Last spring, Kameron Bettridge participated in a security challenge hosted by AI startup Gray Swan. The objective: convince AI models from companies like OpenAI and Anthropic to behave in nefarious ways before they’re released to the world. That included persuading the models to leak sensitive data like medical records and spit out copyrighted information like the full lyrics of Hotel California.
At first Bettridge, a 23-year-old security engineer at gaming company Blizzard Entertainment, was jailbreaking models for fun. “I’ve never been a true supporter of AI fully,” he says. “So just seeing the model fail was a funny thing to me sometimes.”
In almost a year, Bettridge has competed in more than 1,000 challenges via Arena— a hub run by startup Gray Swan that some 15,000 security professionals from all across the world use to “red team” AI systems like Anthropic’s Claude Mythos and OpenAI’s GPT-5, finding and fixing vulnerabilities before they can be exploited. And he’s made $10,000 doing it.
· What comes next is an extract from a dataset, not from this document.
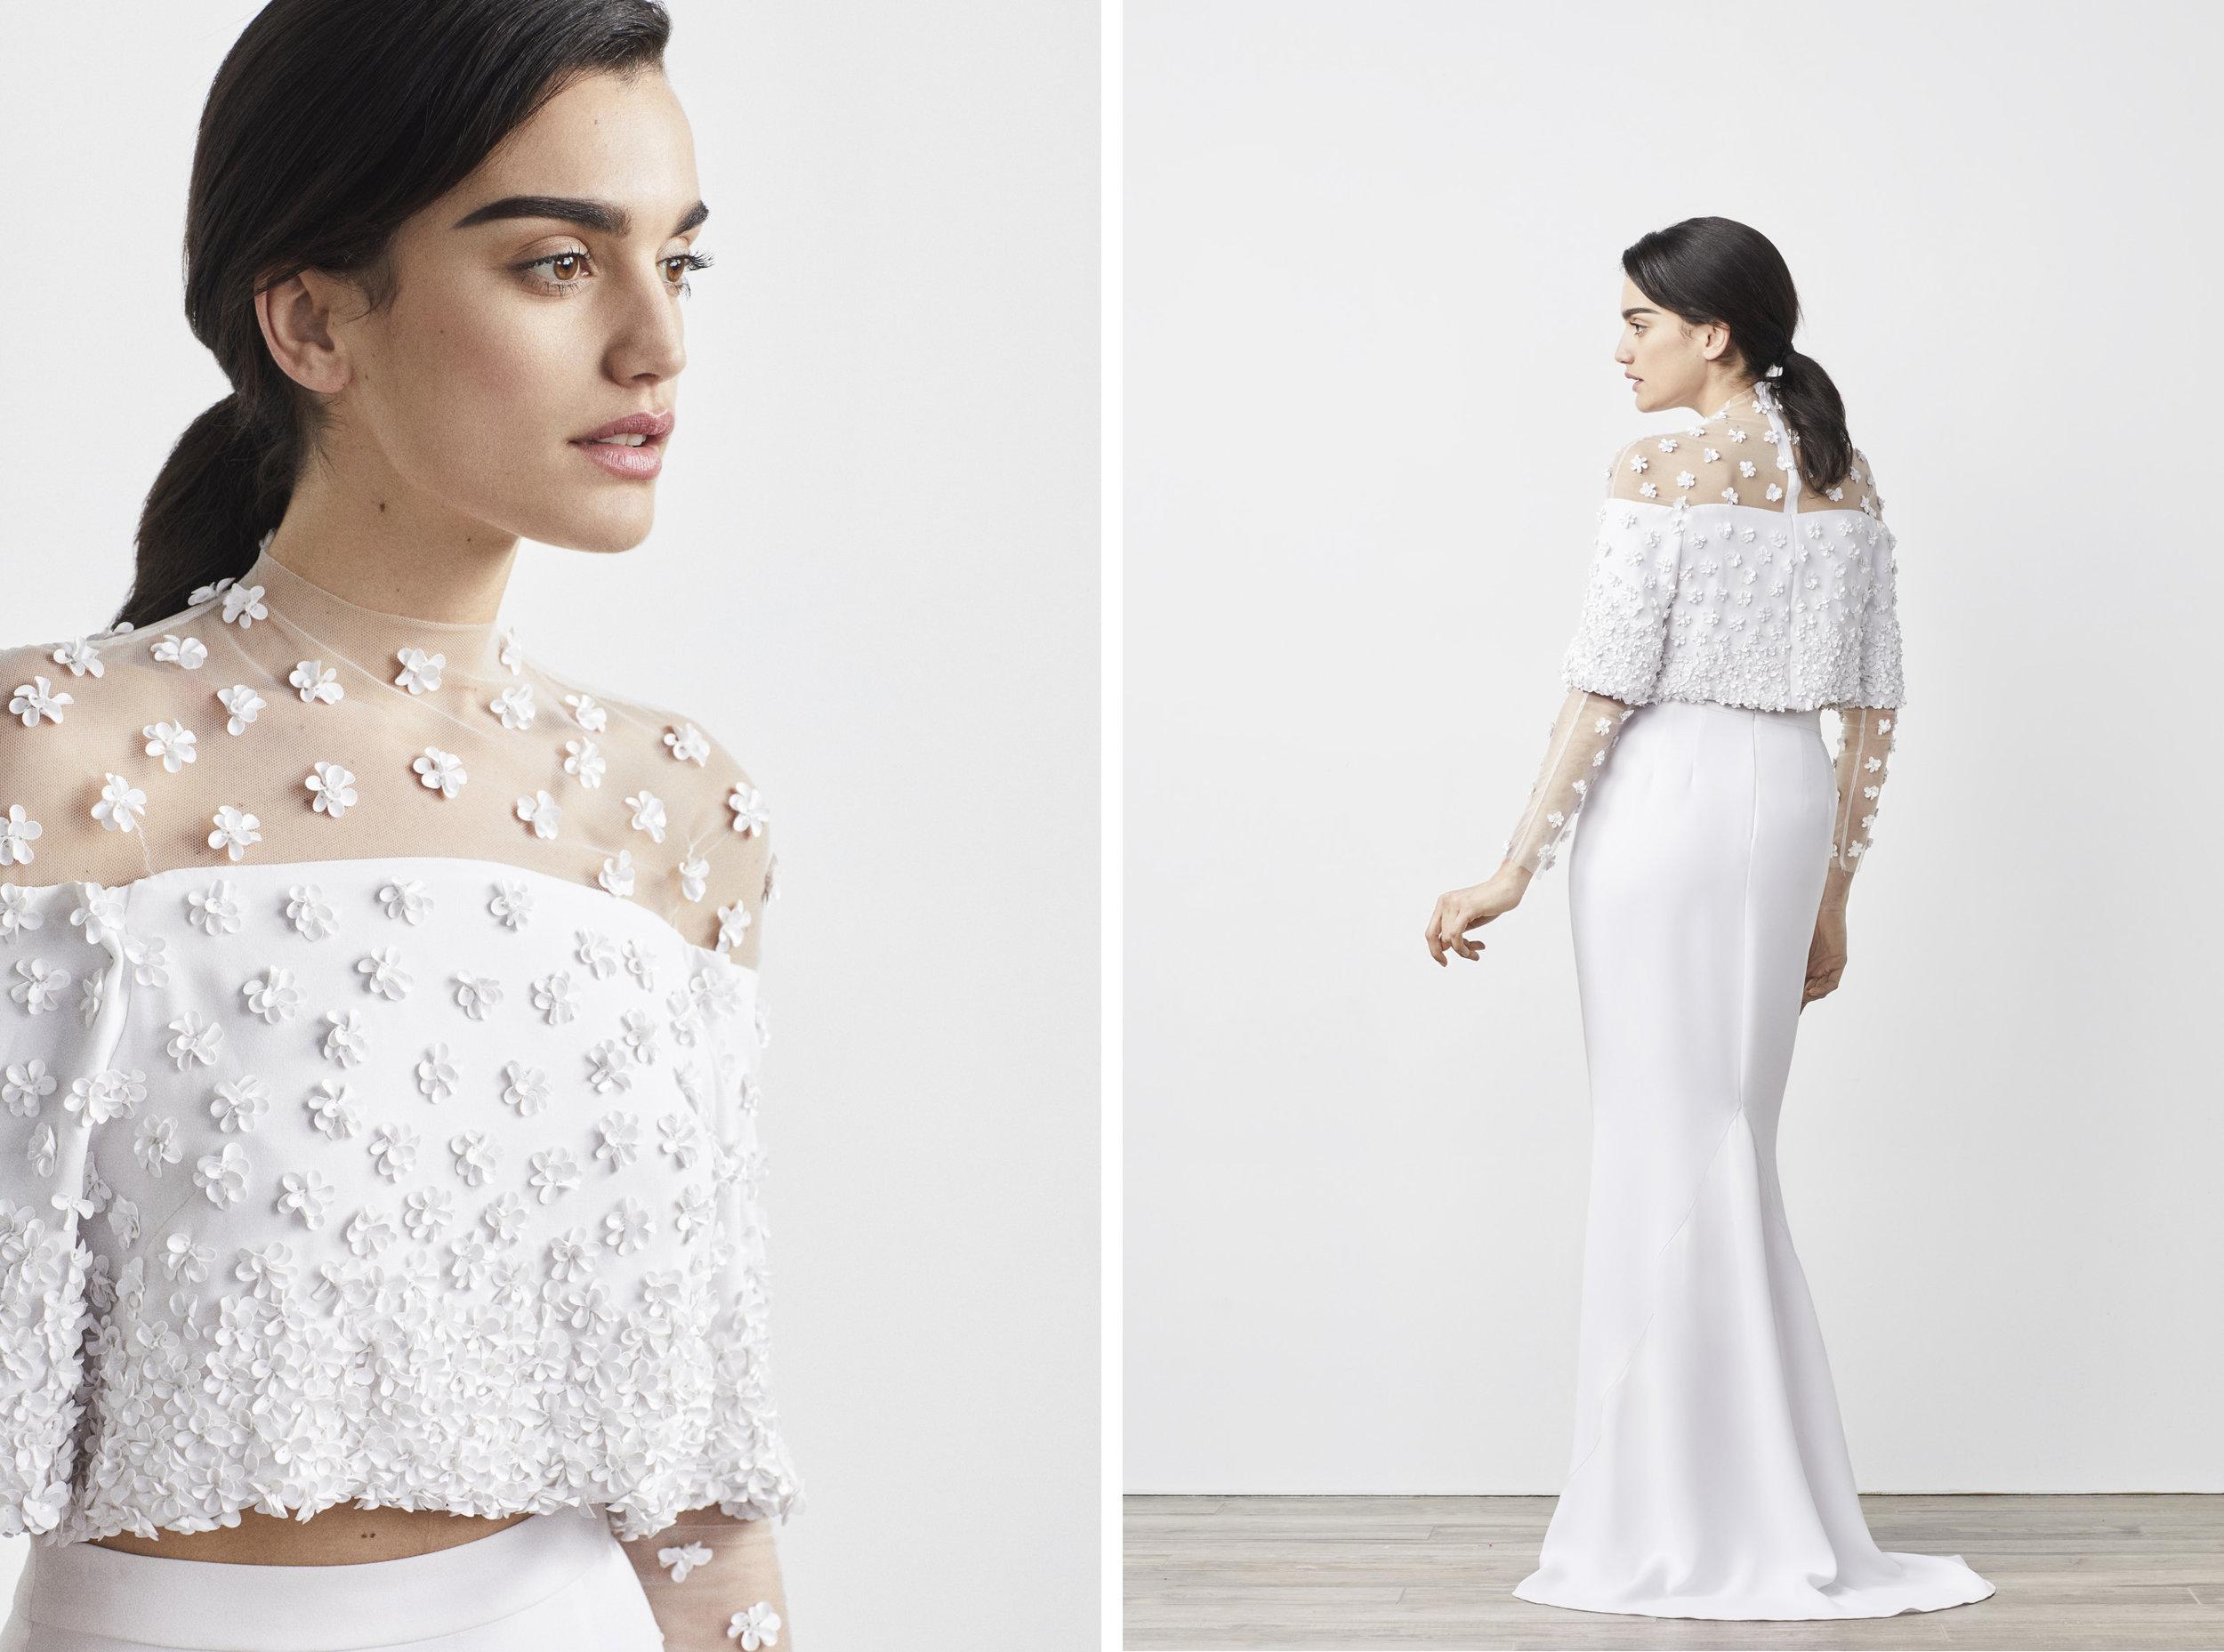 Adelaide-and-Celine-Blossom-Wedding-Dress-Double.jpg

It’s not a lot for a highly paid software engineer. But as AI became ubiquitous, Bettridge realized just how important it is to test the limits of these AI models. The technology has been used to plan mass shootings, steal money and create illegal child sexual abuse material. “Now we have very strong models that anyone can access from anywhere in the world, which is a scary thought,” Bettridge says. “People are genuinely trying to use this for harmful things.”
Founded in 2023 by Carnegie Mellon University professors Matt Fredrikson and Zico Kolter, Gray Swan has become the go-to security provider for a who’s who of frontier labs: OpenAI, Anthropic, Google Deepmind, Meta, xAI and ByteDance. The startup has been cited in 11 frontier model system cards including GPT-5 and Mythos — documents that list the risks an AI model poses and safety measures taken to prevent them.
Now, it’s raised $40 million in Series A funding co-led by Wing VC and Madrona with participation from Snowflake Ventures, Hudson River Trading, and Samsung Next, bringing its valuation to $200 million. It already has 20 enterprise customers, but the funds will help it sell to more businesses that need to secure their own AI products.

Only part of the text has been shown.